Among enzyme resources, the Core SFLD is unique in its emphasis on how conserved residues map to catalysis of partial reactions or other shared functions at a finer level of detail than overall reactions. The Core SFLD is highly curated; coverage of the enzyme universe is currently limited because deciphering sequence-structure-function relationships in functionally diverse superfamilies includes steps that are difficult to automate. However, superfamilies will be added to both sections of the SFLD and updated as analyses are performed. The SFLD provides evidence codes to clarify the source of a given piece of information and to provide a sense of its reliability. See also the SFLD caveats.
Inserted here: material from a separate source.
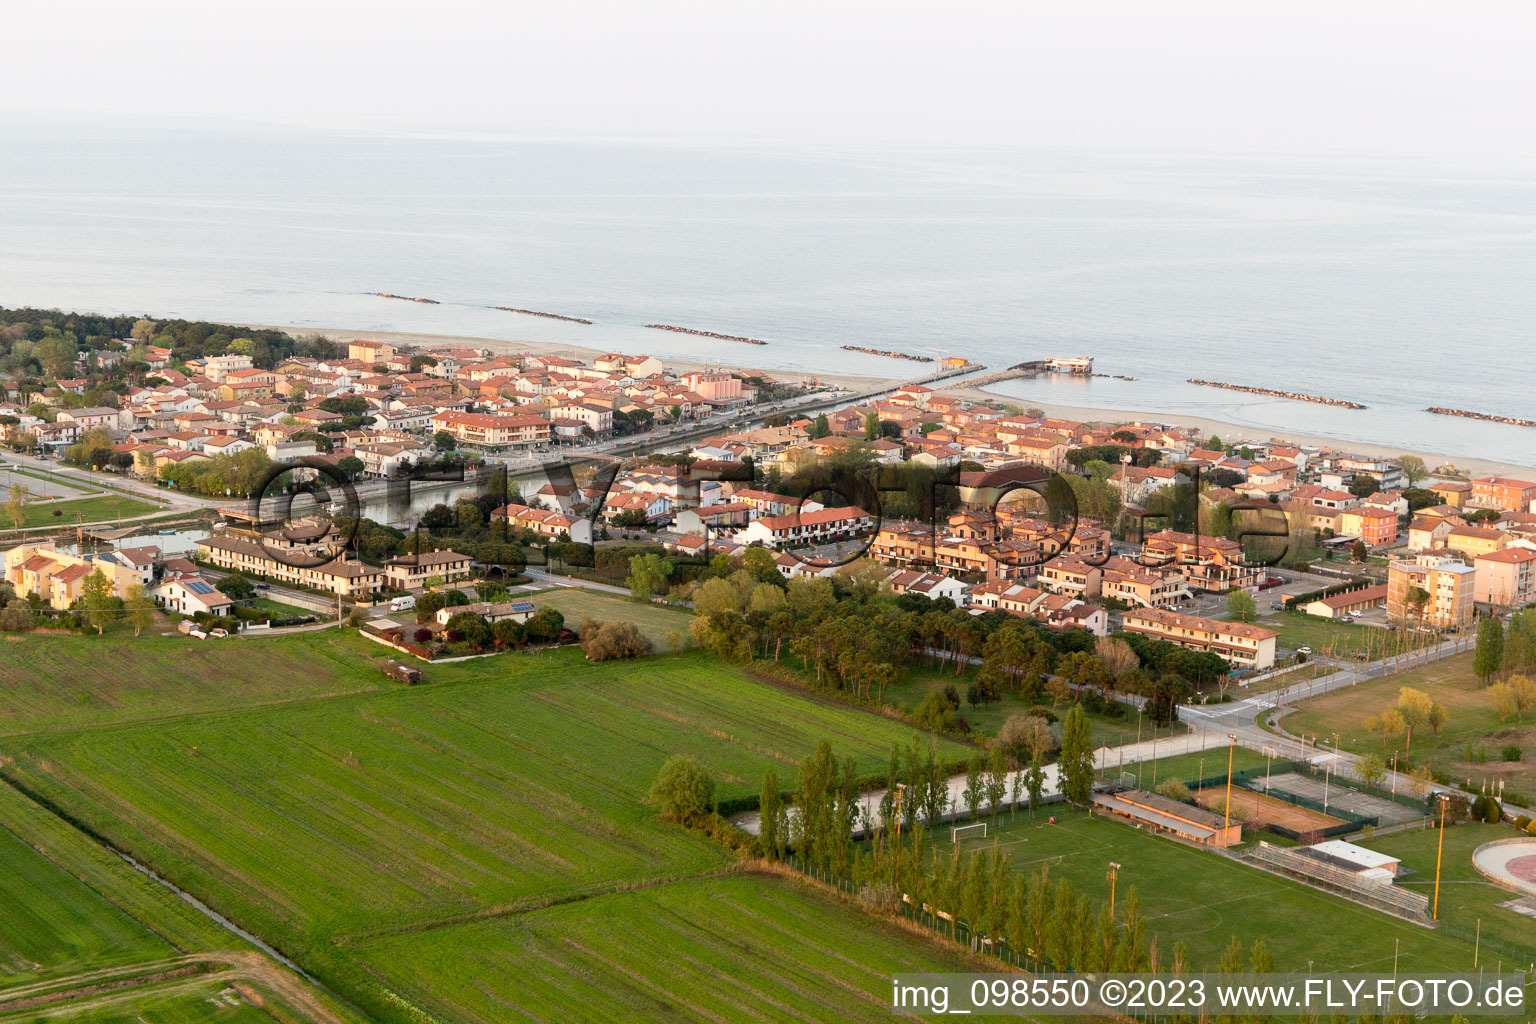 Luftbild von Casalborsetti im Bundesland Emilia-Romagna, Italien

The SFLD will continue to evolve, both in content and in the development of new methods to explore the data.

Types of Data Available

  • step-by-step reaction mechanisms
  • a mapping of conserved functions to conserved sequence-structure features at different levels of classification
  • alignments of representative sequences at different levels of classification
  • Hidden Markov Models for comparison to query sequences
  • 3D protein structures
  • active site images and corresponding UCSF Chimera session files for many families with known 3D structures
  • sequence similarity networks for display and analysis with Cytoscape

Uses of the SFLD

  • exploring hierarchical sequence-structure-function relationships
  • classifying “unknown” sequences to annotate them or to identify misannotations
  • comparing a new sequence or structure with those in the database
  • identifying residues required to perform a specific partial reaction or other chemical function
  • finding promising starting points for engineering a new function

Selected References

The Structure-Function Linkage Database. Akiva E, Brown S, Almonacid DE, Barber AE 2nd, Custer AF, Hicks MA, Huang CC, Lauck F, Mashiyama ST, Meng EC, Mischel D, Morris JH, Ojha S, Schnoes AM, Stryke D, Yunes JM, Ferrin TE, Holliday GL, Babbitt PC. Nucleic Acids Res. 2014 Jan 1;42(1):D521-30.
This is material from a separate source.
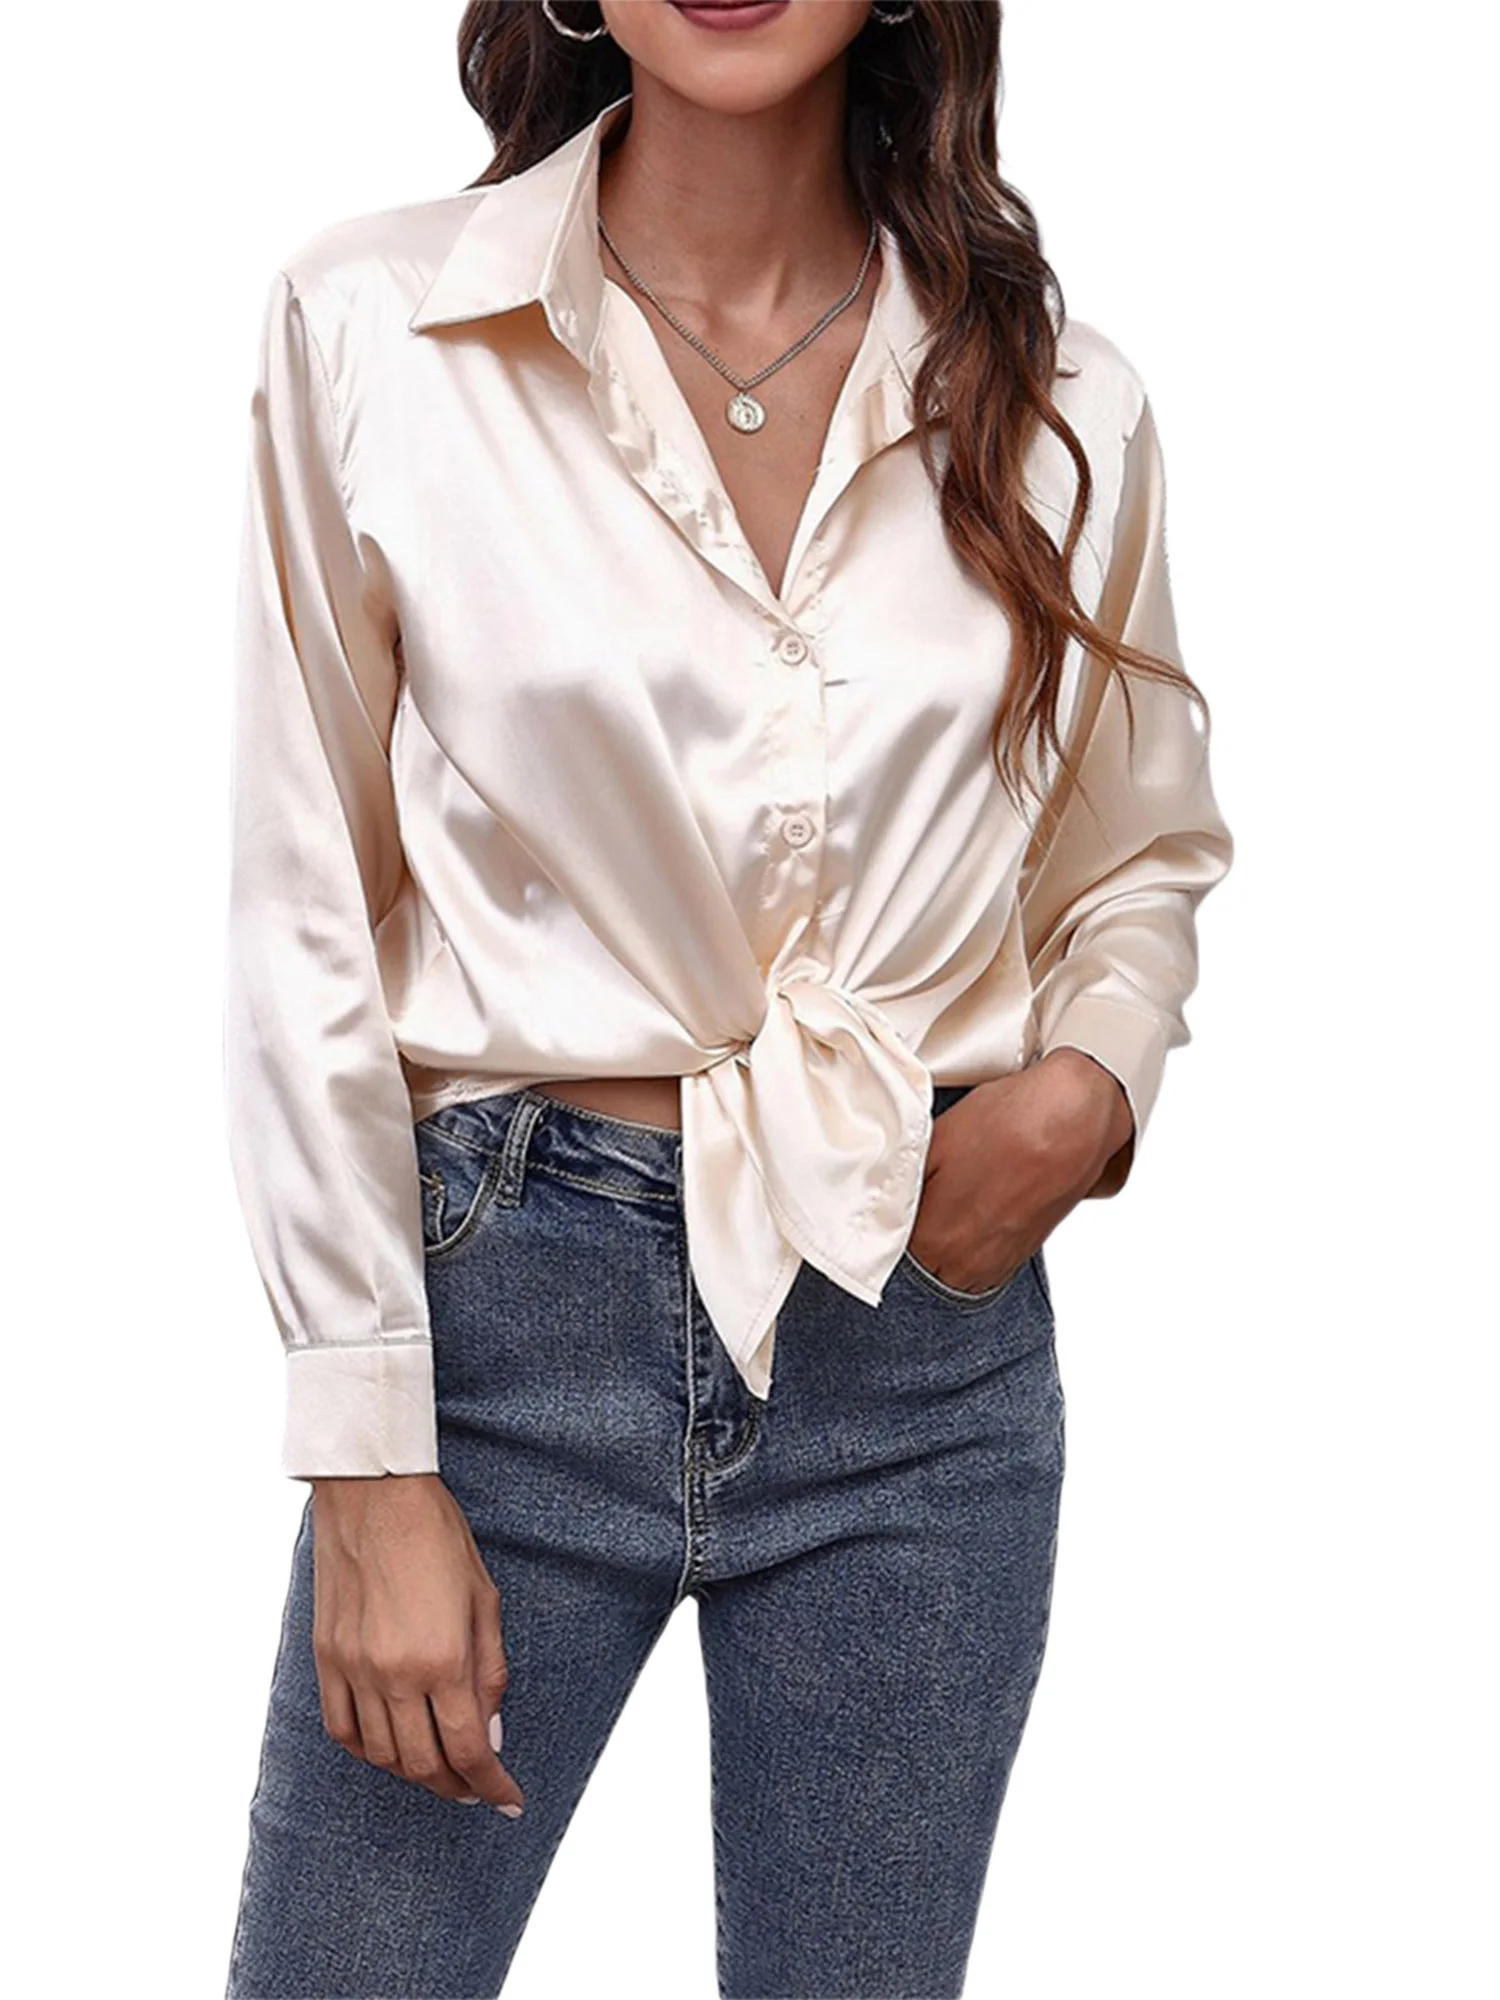 

Рубашка женская с V-образным вырезом, атласная шелковая Свободная блузка на пуговицах, с длинным рукавом, деловая повседневная одежда, топы

Divergent evolution in enolase superfamily: strategies for assigning functions. Gerlt JA, Babbitt PC, Jacobson MP, Almo SC. J Biol Chem. 2012 Jan 2;287(1):29-34.

Inference of functional properties from large-scale analysis of enzyme superfamilies. Brown SD, Babbitt PC. J Biol Chem. 2012 Jan 2;287(1):35-42.

Toward mechanistic classification of enzyme functions. Almonacid DE, Babbitt PC. Curr Opin Chem Biol. 2011 Jun;15(3):435-42.

Annotation error in public databases: misannotation of molecular function in enzyme superfamilies. Schnoes AM, Brown SD, Dodevski I, Babbitt PC. PLoS Comput Biol. 2009 Dec;5(12):e1000605.

Using sequence similarity networks for visualization of relationships across diverse protein superfamilies. Atkinson HJ, Morris JH, Ferrin TE, Babbitt PC. PLoS One. 2009;4(2):e4345.

Using the Structure-Function Linkage Database to characterize functional domains in enzymes. Brown S, Babbitt P. Curr Protoc Bioinformatics. 2006 Mar;Chapter 2:Unit 2.10.

Leveraging enzyme structure-function relationships for functional inference and experimental design: the Structure-Function Linkage Database. Pegg SC, Brown SD, Ojha S, Seffernick J, Meng EC, Morris JH, Chang PJ, Huang CC, Ferrin TE, Babbitt PC. Biochemistry. 2006 Feb 28;45(8):2545-55.

Definitions of enzyme function for the structural genomics era. Babbitt PC. Curr Opin Chem Biol. 2003 Apr;7(2):230-7.

Divergent evolution of enzymatic function: mechanistically diverse superfamilies and functionally distinct suprafamilies. Gerlt JA, Babbitt PC. Annu Rev Biochem. 2001;70:209-46.